• [Dataset excerpt]:

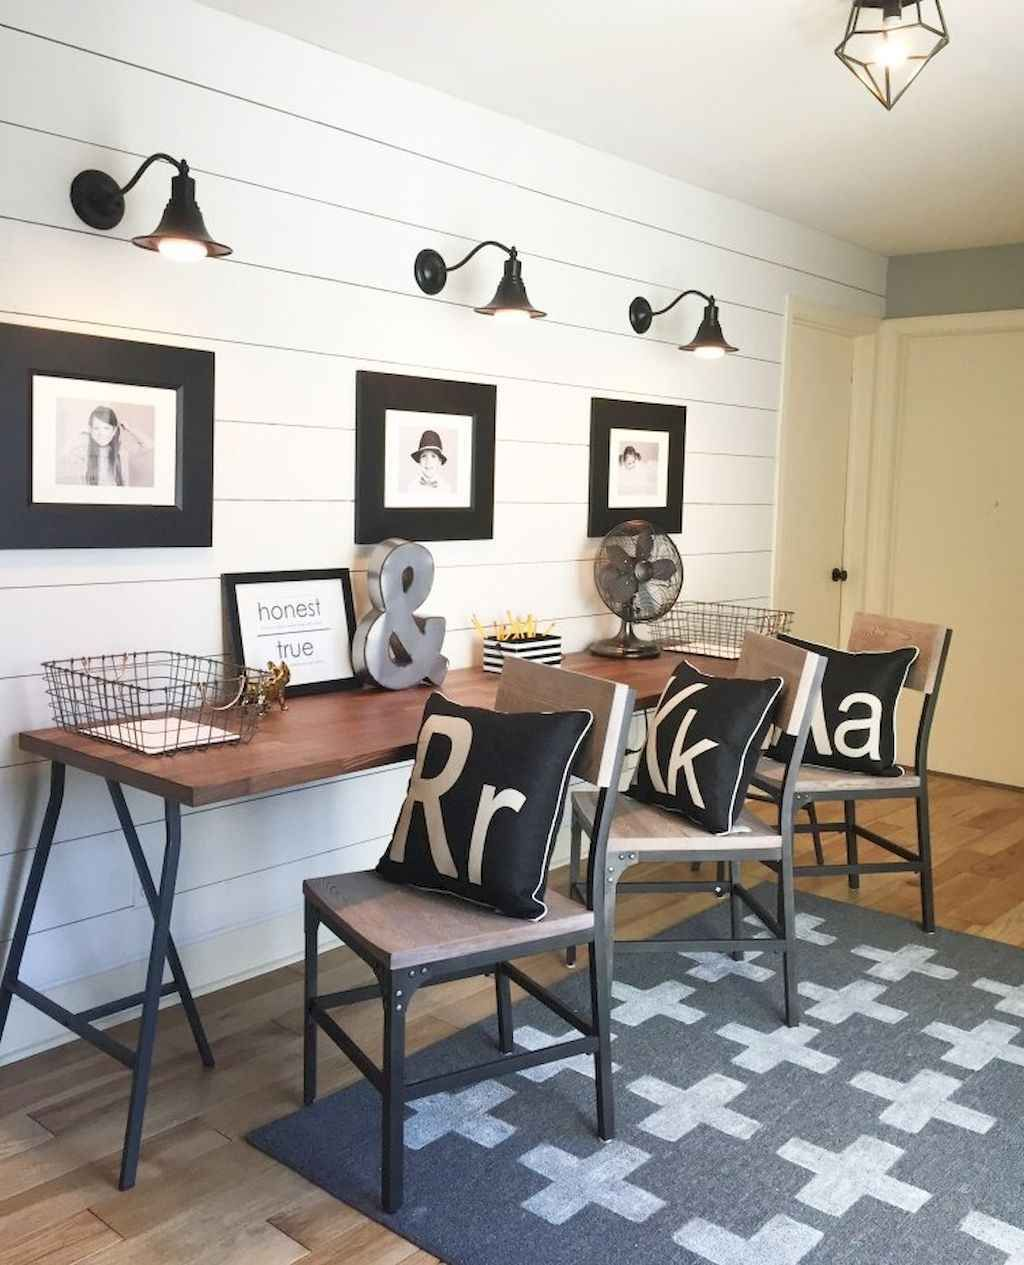 Pleasing 40 Easy Diy Farmhouse Desk Decor Ideas On A Budget 8 In Download Free Architecture Designs Scobabritishbridgeorg
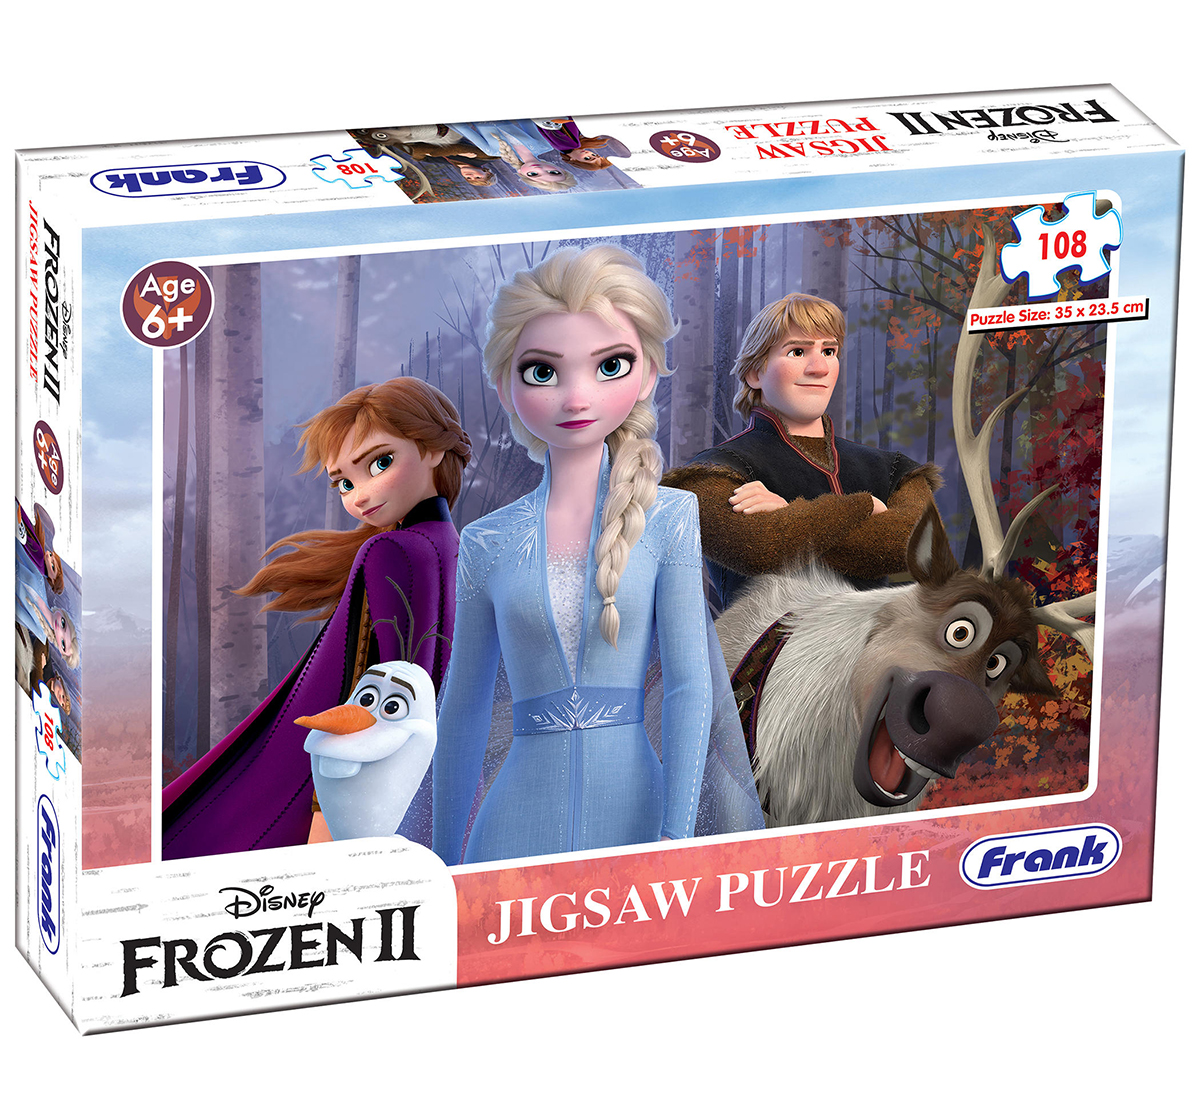 Frank | Frank Frozen II 108 Pcs Puzzle for Kids age 6Y+
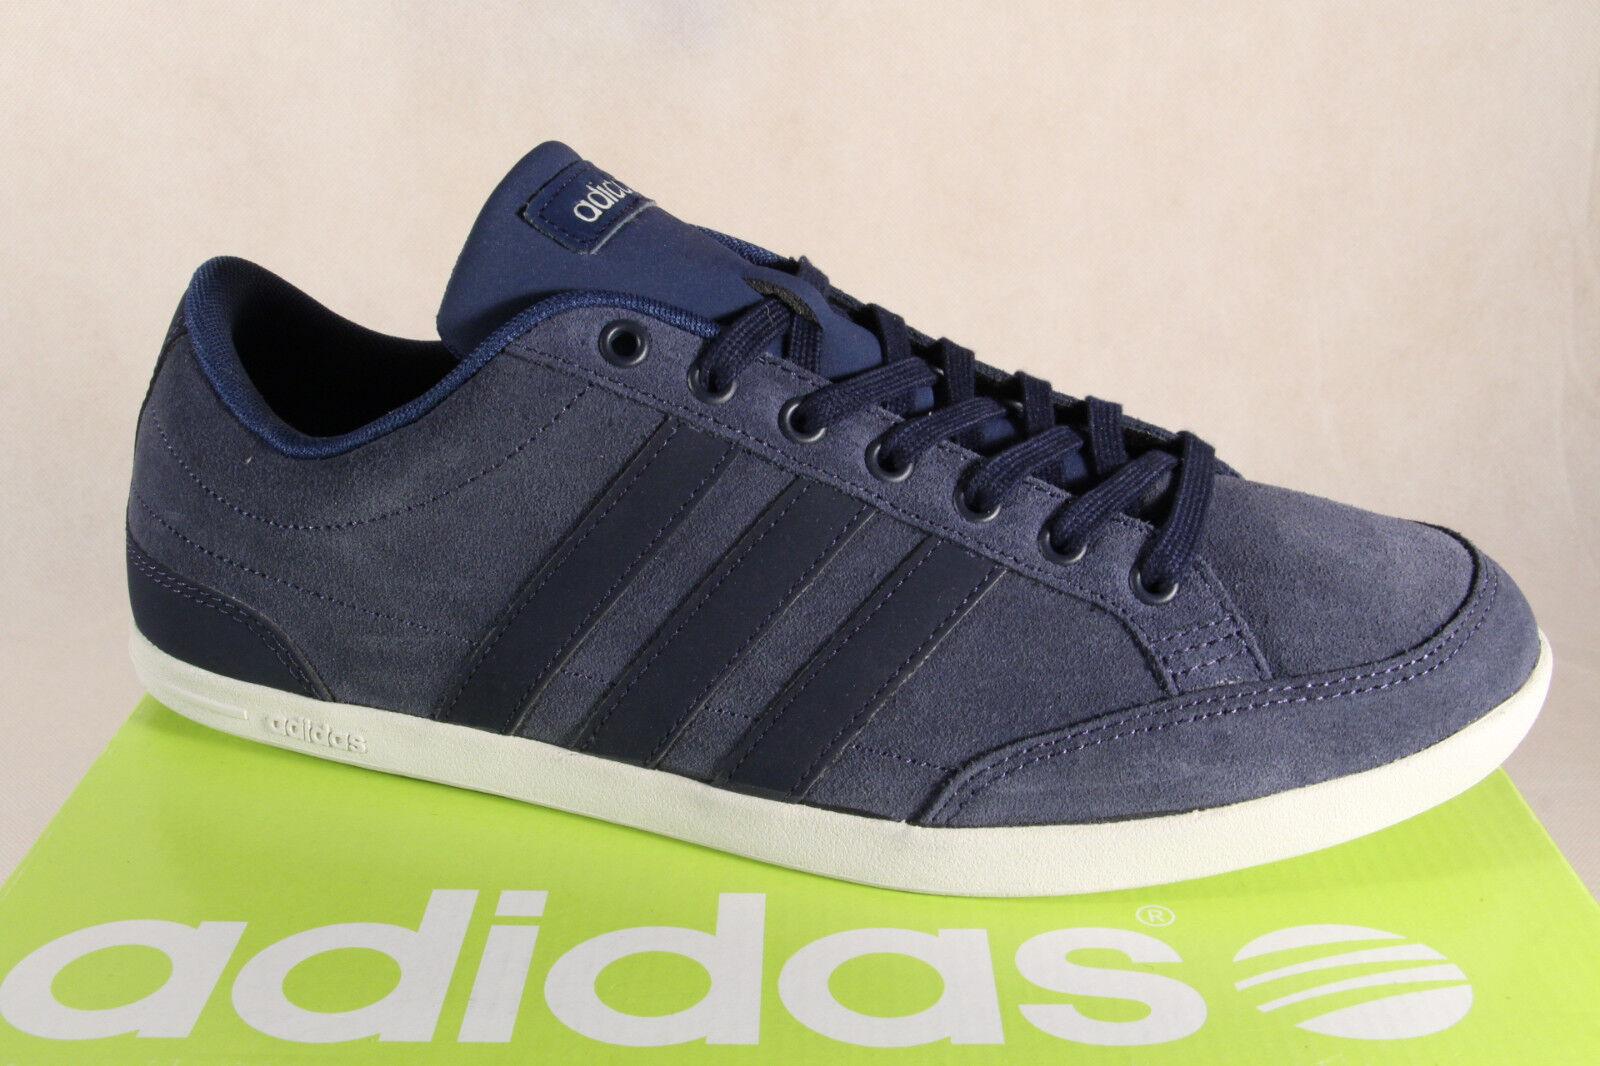 Adidas Schnürschuhe Turnschuhe Halbschuhe Sportschuhe CAFLAIRE Leder blau NEU
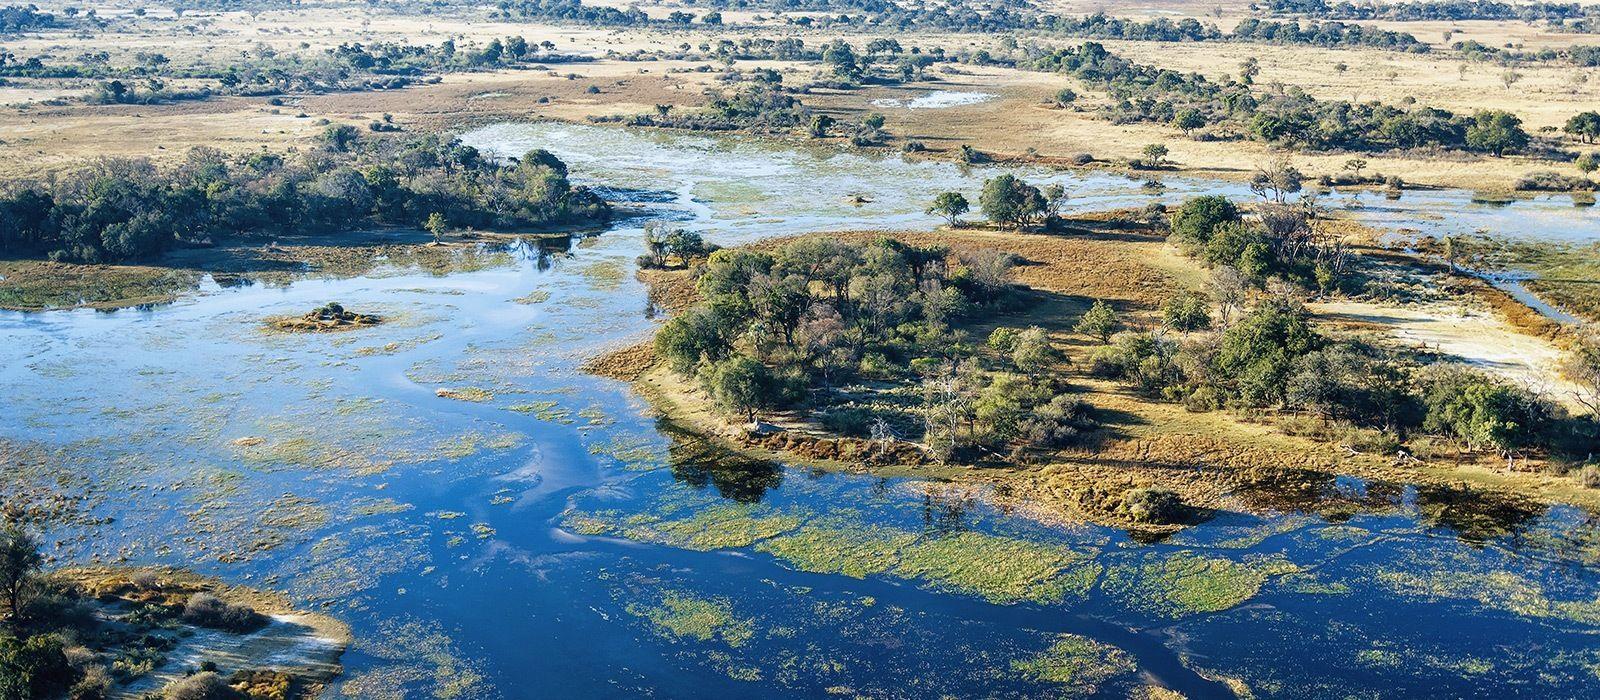 Victoria Falls & Botswana Highlights Tour Trip 3

• [What you are asked to do]: Write out each line again, exactly as it appears above, except for any picture.

• [Problem solution]:
 Pleasing 40 Easy Diy Farmhouse Desk Decor Ideas On A Budget 8 In Download Free Architecture Designs Scobabritishbridgeorg
 Frank | Frank Frozen II 108 Pcs Puzzle for Kids age 6Y+
 Adidas Schnürschuhe Turnschuhe Halbschuhe Sportschuhe CAFLAIRE Leder blau NEU
 Victoria Falls & Botswana Highlights Tour Trip 3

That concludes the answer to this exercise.